* Task to carry out: Leave every picture out and write out the records below exactly.

* Data for the task:
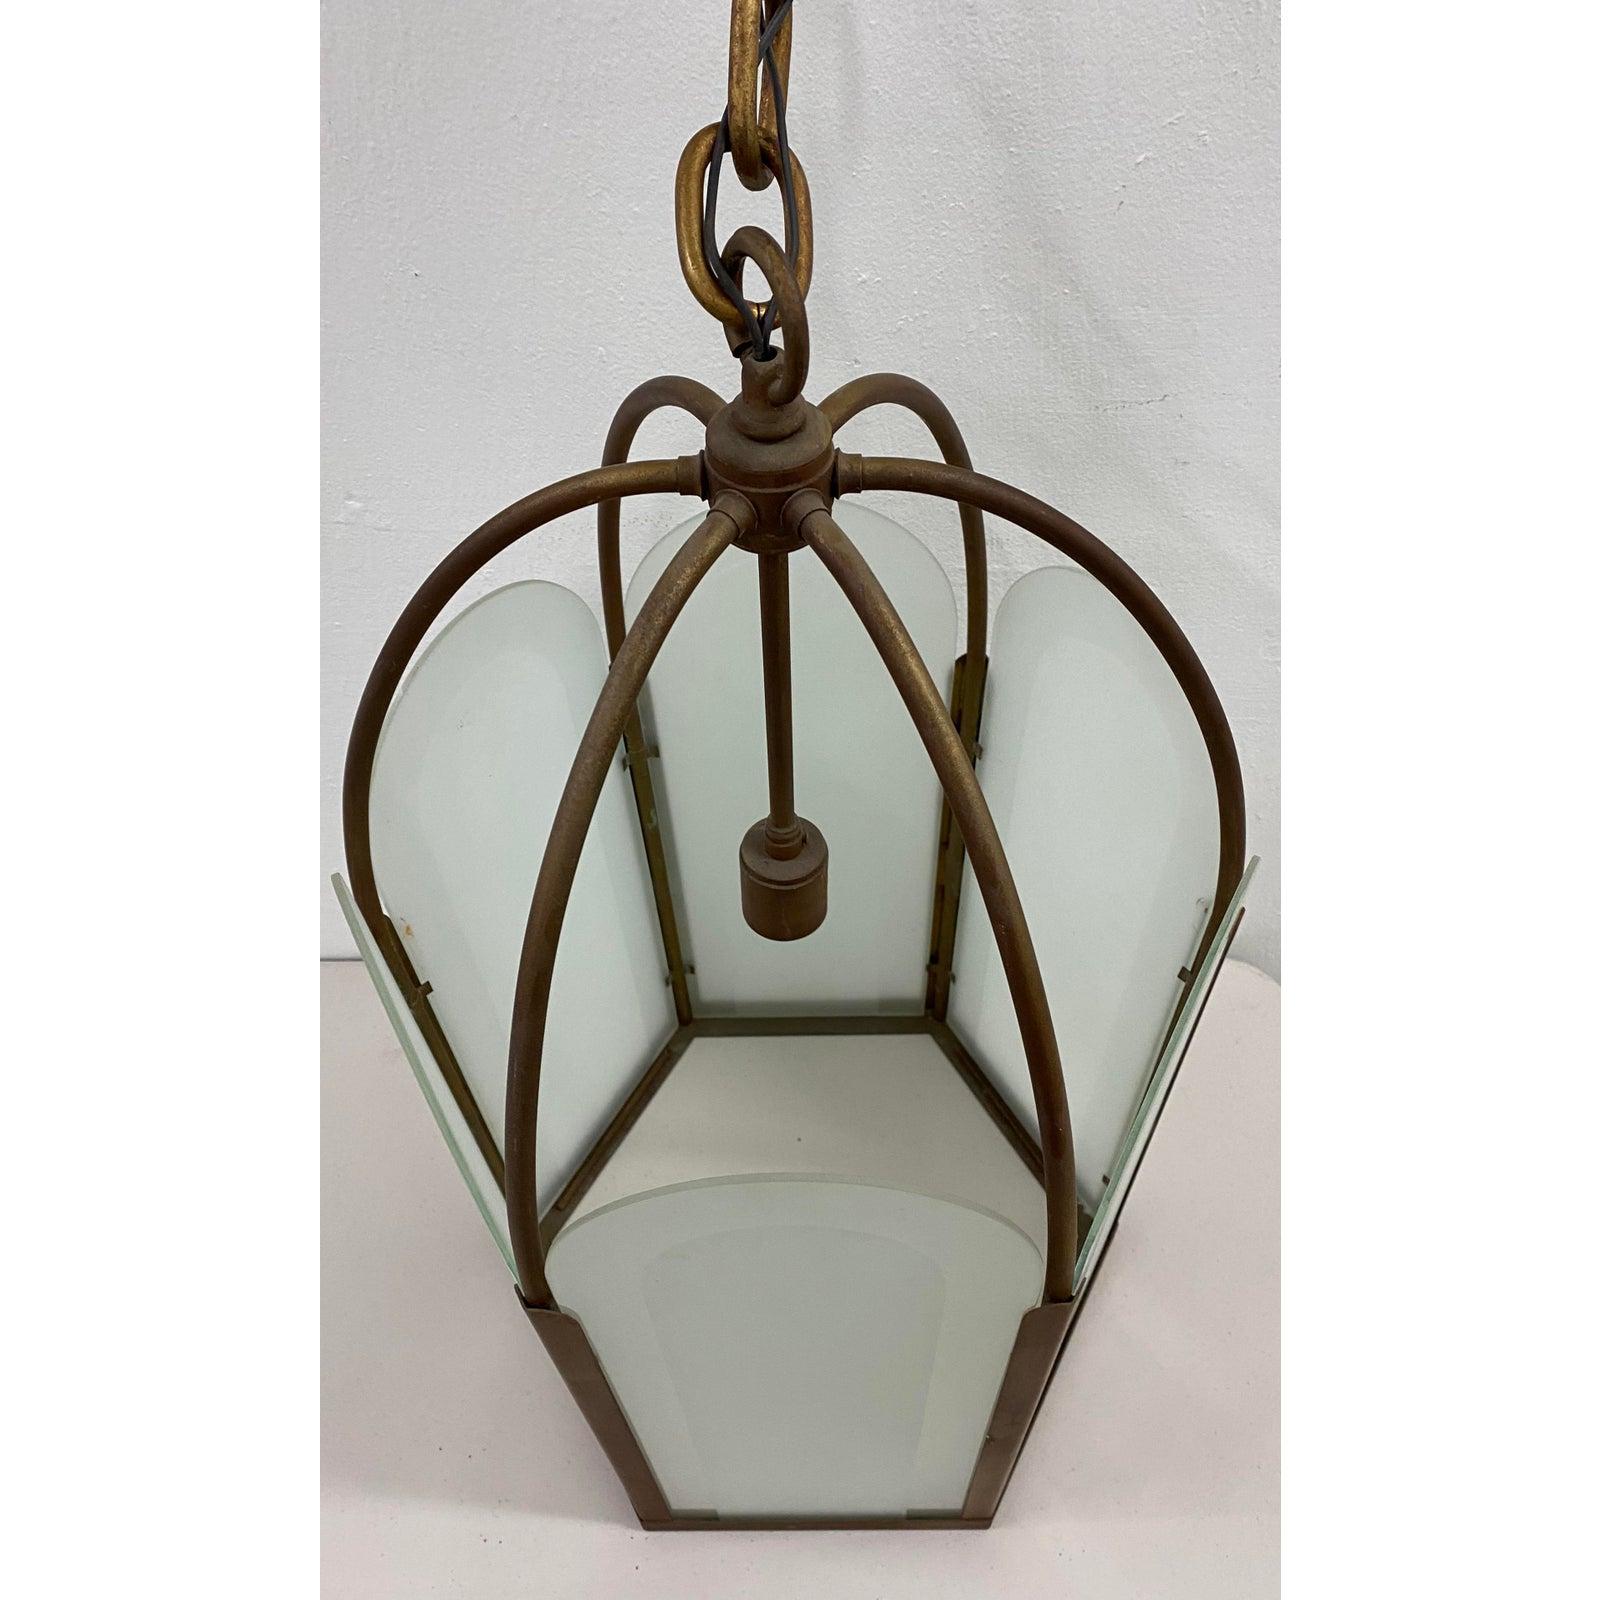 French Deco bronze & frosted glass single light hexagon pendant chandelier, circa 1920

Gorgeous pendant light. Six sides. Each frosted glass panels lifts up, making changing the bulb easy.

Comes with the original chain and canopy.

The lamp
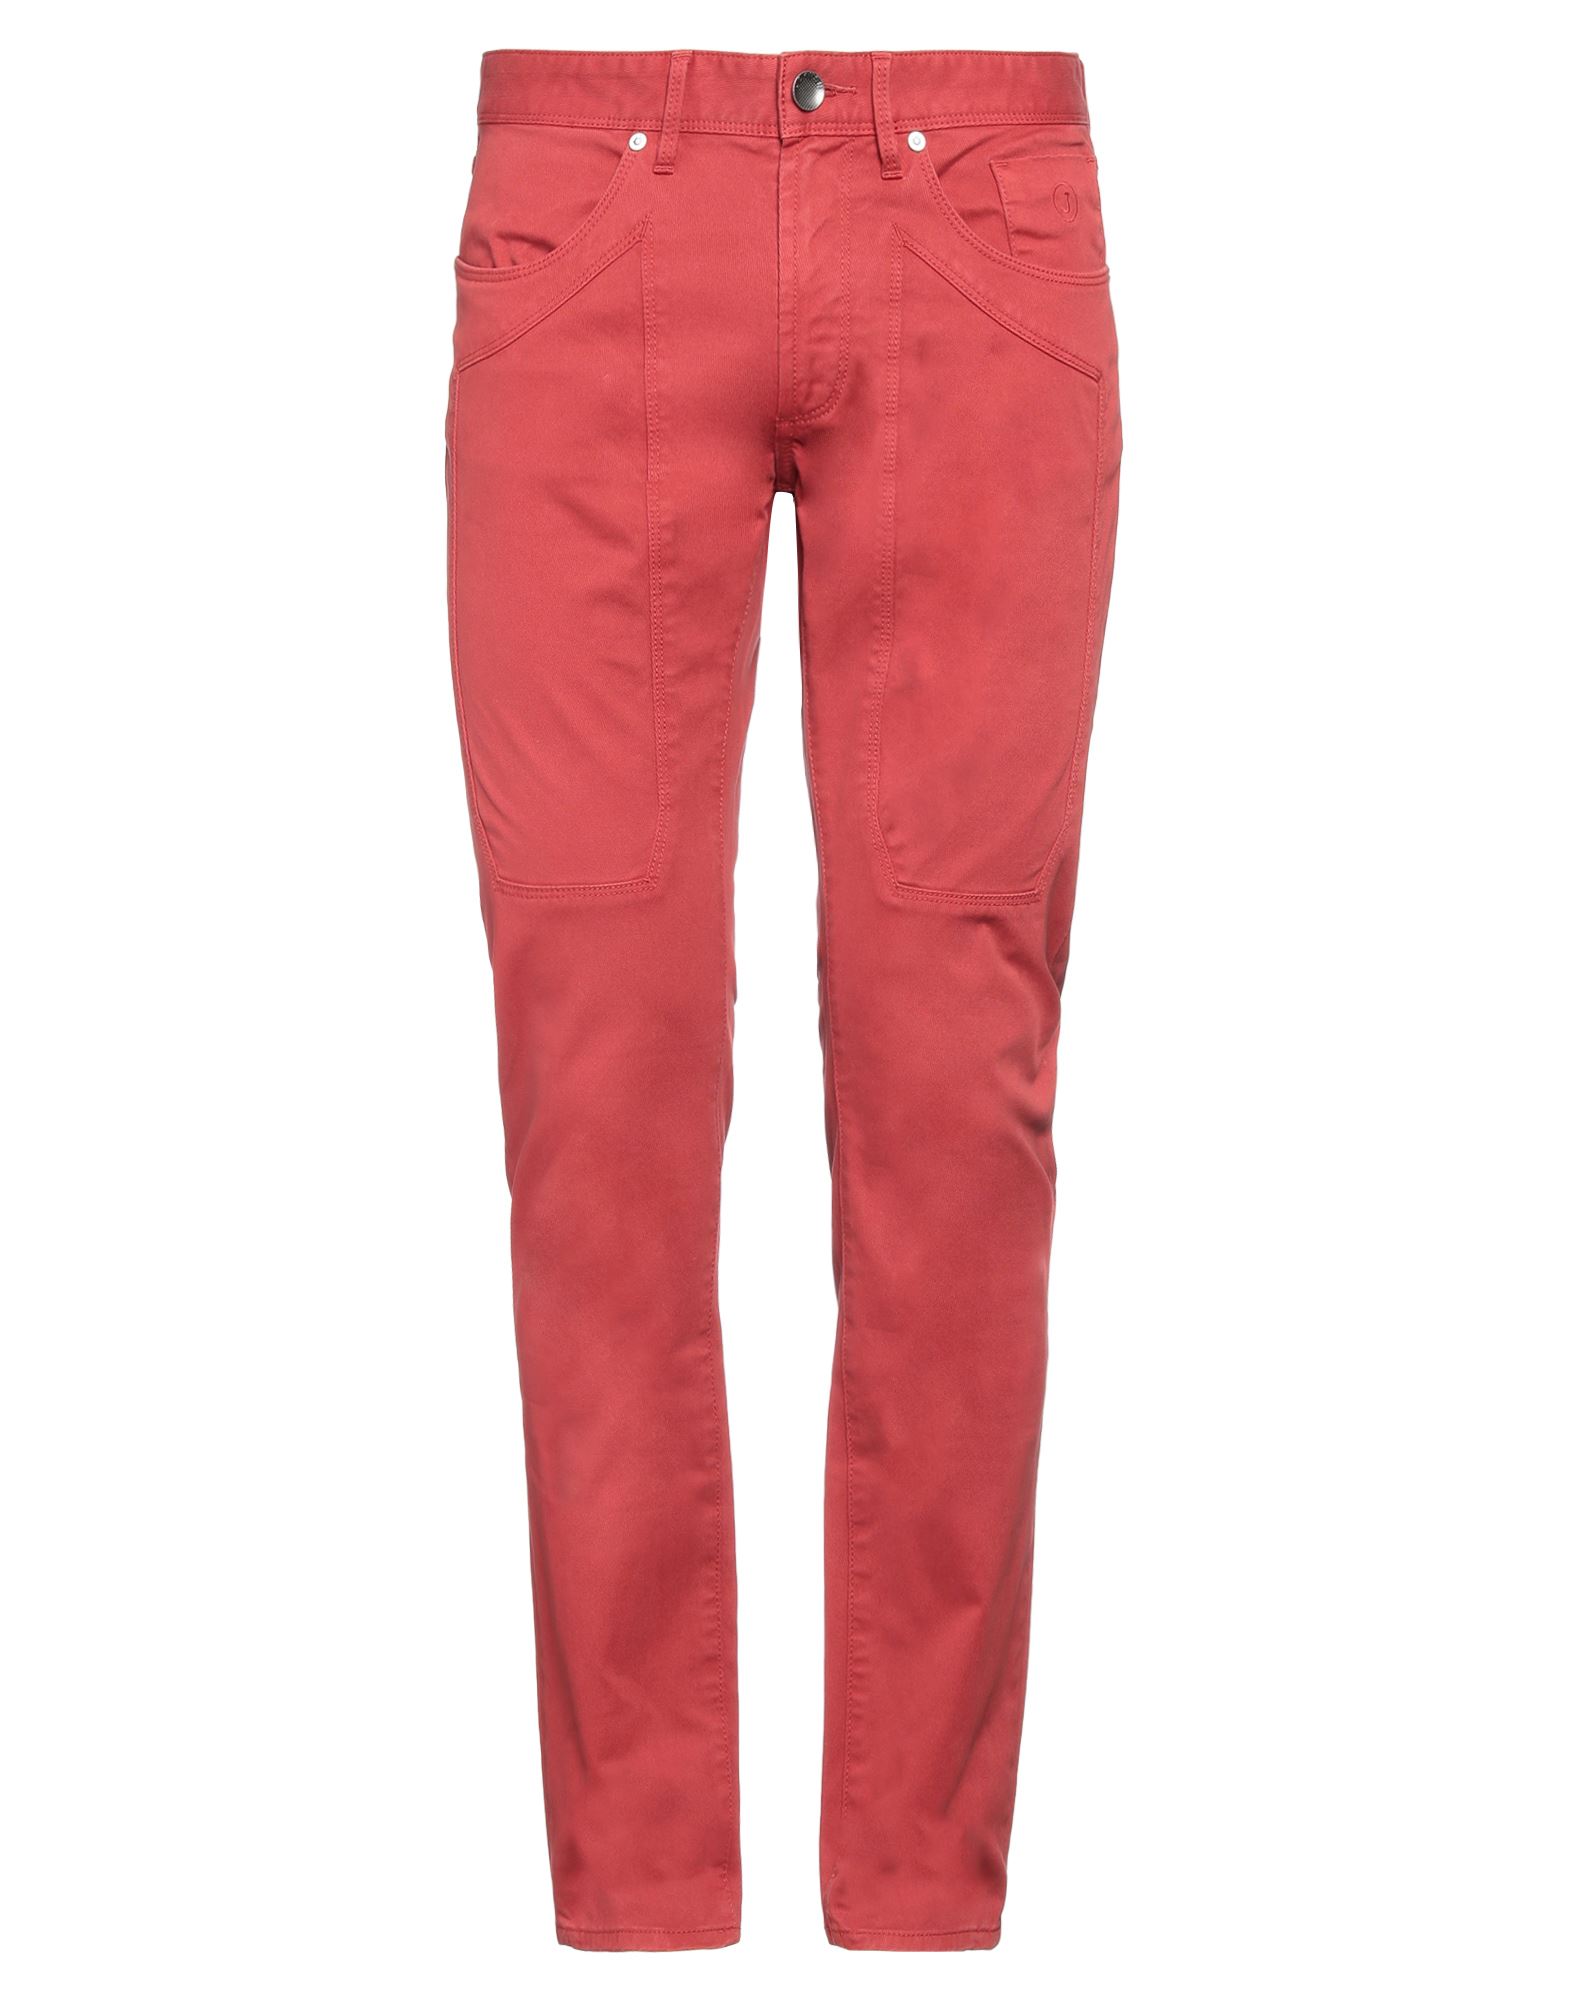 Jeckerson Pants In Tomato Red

* Solution:
 French Deco bronze & frosted glass single light hexagon pendant chandelier, circa 1920

Gorgeous pendant light. Six sides. Each frosted glass panels lifts up, making changing the bulb easy.

Comes with the original chain and canopy.

The lamp
 Jeckerson Pants In Tomato Red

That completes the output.